Free agency went a long way toward destroying "team spirit" in baseball and it's doing the same thing to corporations. (And that's my last shot at a metaphor for a long time.)


Following Up On the News

Looks like I spoke too fast on the subject of Mitch Daniels, Bush's Budget Director deserting before the economic ship sank leaving to run for public office. Buzzflash says Daniels was about to get hit with an insider trading investigation.

And the smell hanging around Halliburton just won't go away.

Halliburton Co. is under fire for doing business in countries the US has identified as "sponsors of terrorism."
I'm just saying, okay? Halliburton, while manifestly an example of How Not To Run A Responsible Corporation is not alone in having done business with the USofA's "enemies" and it's always a mystery to me how these stories get pinched down this way.

Hey! Hey!
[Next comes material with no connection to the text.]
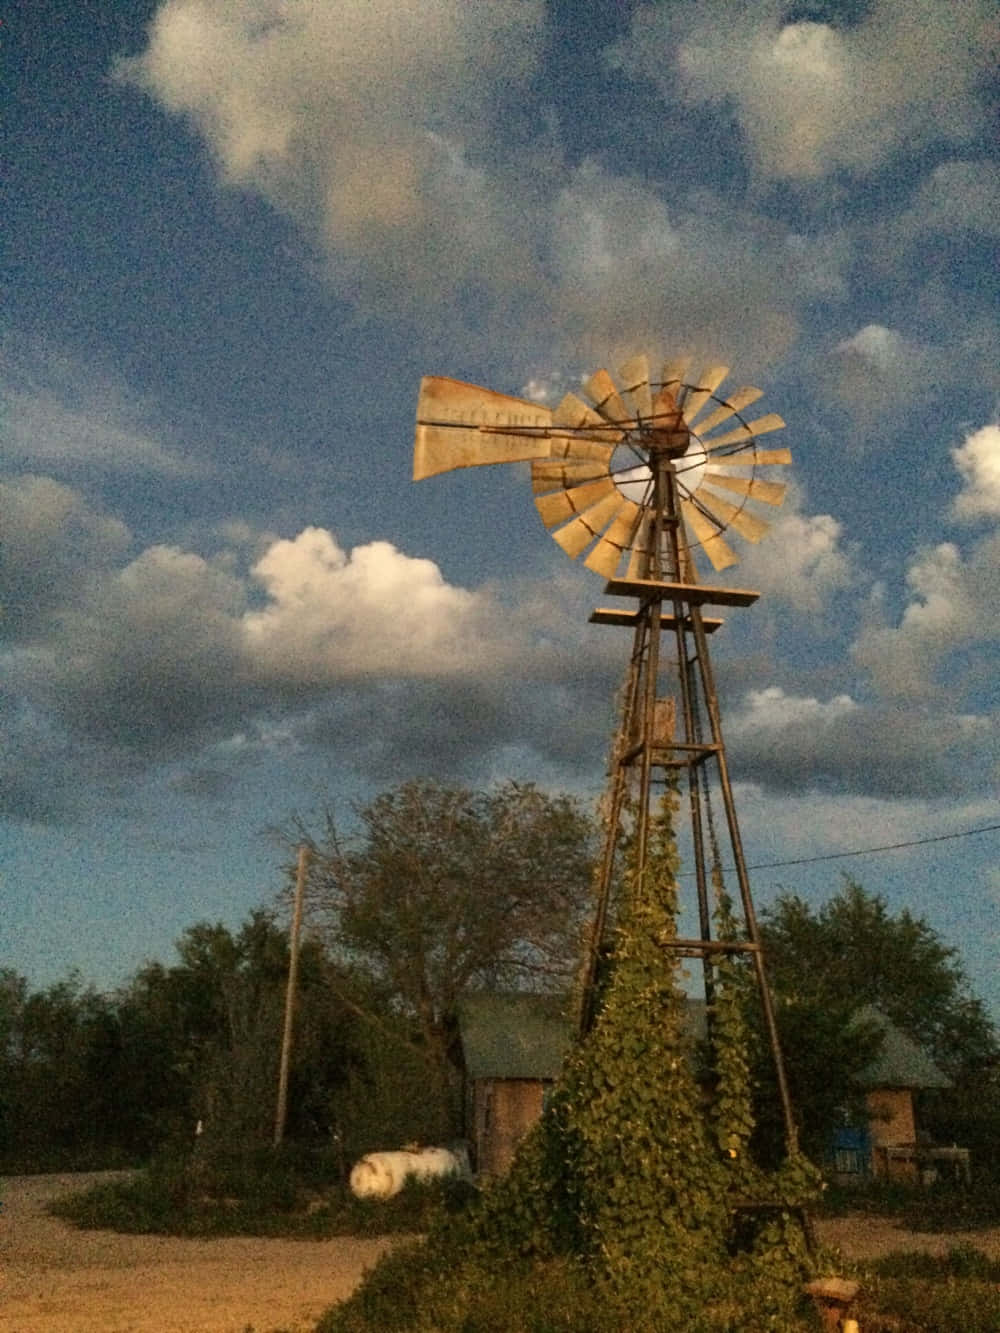 An old windmill stands tall and strong in a field of golden wildflowers

Looks like even the measly $350 billion budget-busting tax plan might be in trouble.

If every company on the list of those working with Iraq since the imposition of sanctions was hitting the news, then the good citizens of this country might get a grasp on just how huge this problem is, but nooo, we have to obsess over one corporation. (Is this because the press sees Halliburton as vulnerable, or because the Cheney connection makes better headlines? If the latter, then why didn't the Bush/Enron story play bigger?)

The Taliban is back! and they're hoping Bush still doesn't care about Afghanistan.

And there's more on the "black prom and white prom" story.

I feel eyes on the back of my neck. Maybe I should be working.